During the next few weeks Miss Ryan overcame my fears of tall, energetic teachers as she bent over my desk to help me with a word in the pre-primer. Step by step, she loosened me and my classmates from the safe anchorage of the desks for recitations at the blackboard and consultations at her desk. Frequently she burst into happy announcements to the whole class. "Ito can read a sentence," and small Japanese Ito, squint-eyed and shy, slowly read aloud while the class listened in wonder: "Come, Skipper, come. Come and run." The Korean, Portuguese, Italian, and Polish first graders had similar moments of glory, no less shining than mine the day I conquered "butterfly," which I had been persistently pronouncing in standard Spanish as boo-ter-flee. "Children," Miss Ryan called for attention. "Ernesto has learned how to pronounce butterfly!" And I proved it with a perfect imitation of Miss Ryan. From that celebrated success, I was soon able to match Ito's progress as a sentence reader with "Come, butterfly, come fly with me."

Like Ito and several other first graders who did not know English, I received private lessons from Miss Ryan in the closet, a narrow hall off the classroom with a door at each end. Next to one of these doors Miss Ryan placed a large chair for herself and a small one for me. Keeping an eye on the class through the open door she read with me about sheep in the meadow and a frightened chicken going to see the king, coaching me out of my phonetic ruts in words like pasture, bow-wow-wow, hay, and pretty, which to my Mexican ear and eye had so many unnecessary sounds and letters. She made me watch her lips and then close my eyes as she repeated words I found hard to read. When we came to know each other better, I tried interrupting to tell Miss Ryan how we said it in Spanish. It didn't work. She only said "oh" and went on with pasture, bow-wow-wow, and pretty. It was as if in that closet we were both discovering together the secrets of the English language and grieving together over the tragedies of Bo-Peep. The main reason I was graduated with honors from the first grade was that I had fallen in love with Miss Ryan. Her radiant no-nonsense character made us either afraid not to love her or love her so we would not be afraid, I am not sure which. It was not only that we sensed she was with it, but also that she was with us.
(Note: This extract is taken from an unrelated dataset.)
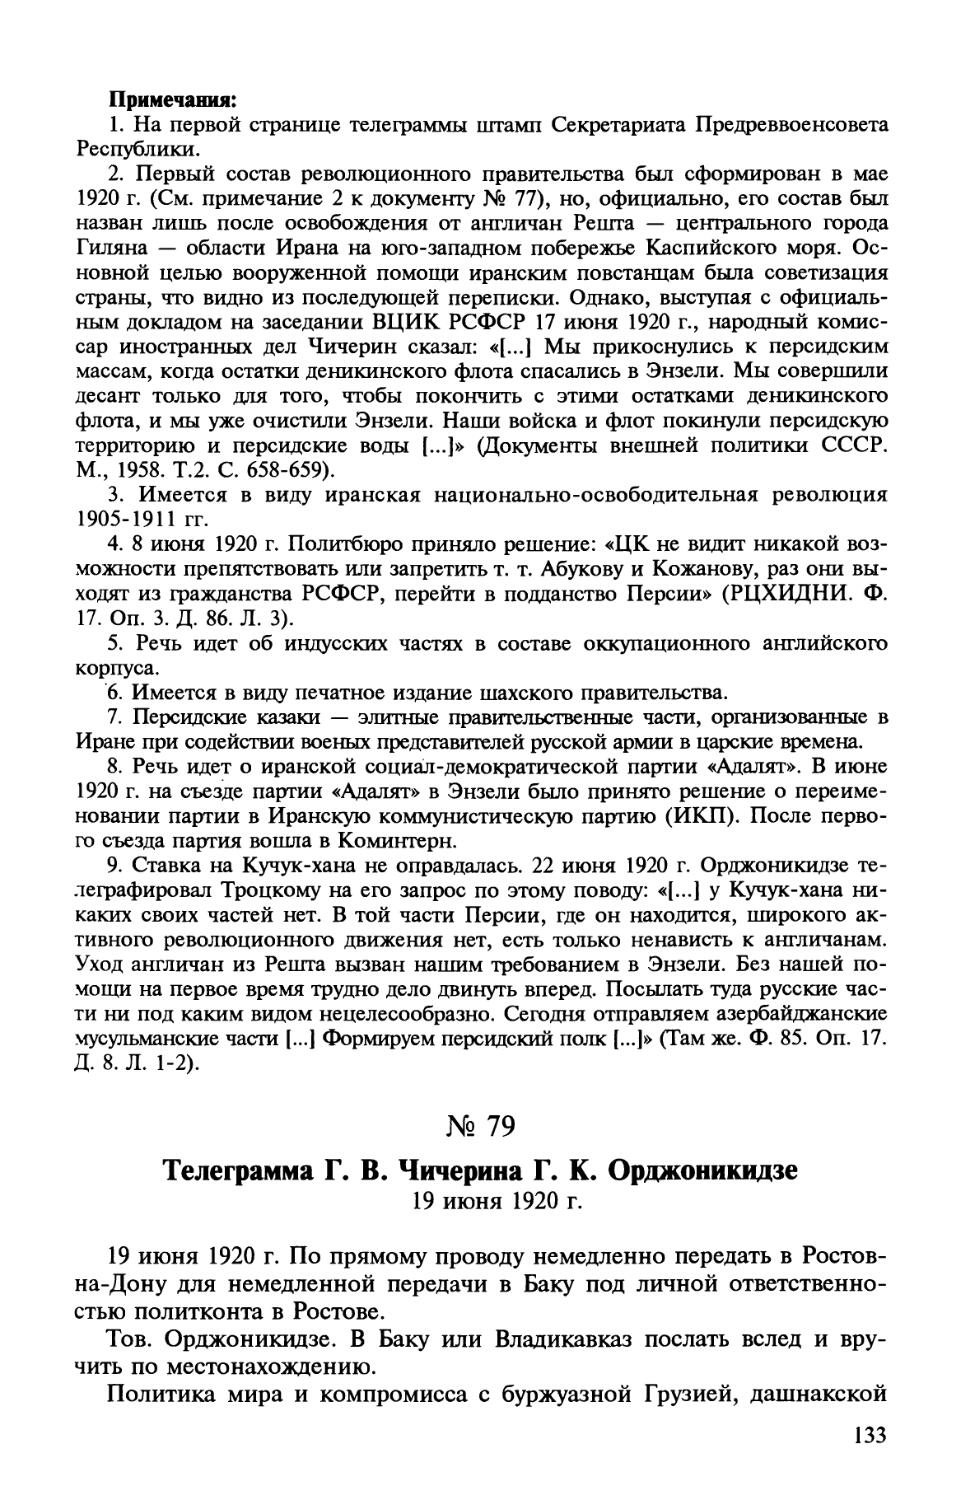 79. Телеграмма Г. В. Чичерина Г. К. Орджоникидзе. 19 июня 1920 г.

Like the first grade, the rest of the Lincoln School was a sampling of the lower part of town where many races made their home. My pals in the second grade were Kazushi, whose parents spoke only Japanese; Matti, a skinny Italian boy; and Manuel, a fat Portuguese who would never get into a fight but wrestled you to the ground and just sat on you. Our assortment of nationalities included Koreans, Yugoslavs, Poles, Irish, and home-grown Americans.

Miss Hopley and her teachers never let us forget why we were at Lincoln: for those who were alien, to become good Americans; for those who were so born, to accept the rest of us. Off the school grounds we traded the same insults we heard from our elders. On the playground we were sure to be marched up to the principal's office for calling someone a wop, a chink, a dago, or a greaser. The school was not so much a melting pot as a griddle where Miss Hopley and her helpers warmed knowledge into us and roasted racial hatreds out of us.

At Lincoln, making us into Americans did not mean scrubbing away what made us originally foreign. The teachers called us as our parents did, or as close as they could pronounce our names in Spanish or Japanese. No one was ever scolded or punished for speaking in his native tongue on the playground. Matti told the class about his mother's down quilt, which she had made in Italy with the fine feathers of a thousand geese. Encarnación acted out how boys learned to fish in the Phillipines. I astounded the third grade with the story of my travels on a stagecoach, which nobody else in the class had seen except in the museum at Sutter's Fort. After a visit to the Crocker Art Gallery and its collection of heroic paintings of the golden age of California, someone showed a silk scroll with a Chinese painting. Miss Hopley herself had a way of expressing wonder over these matters before a class, eyes wide open until they popped slightly. It was easy for me to feel that becoming a proud American, as she said we should, did not mean feeling ashamed of being a Mexican.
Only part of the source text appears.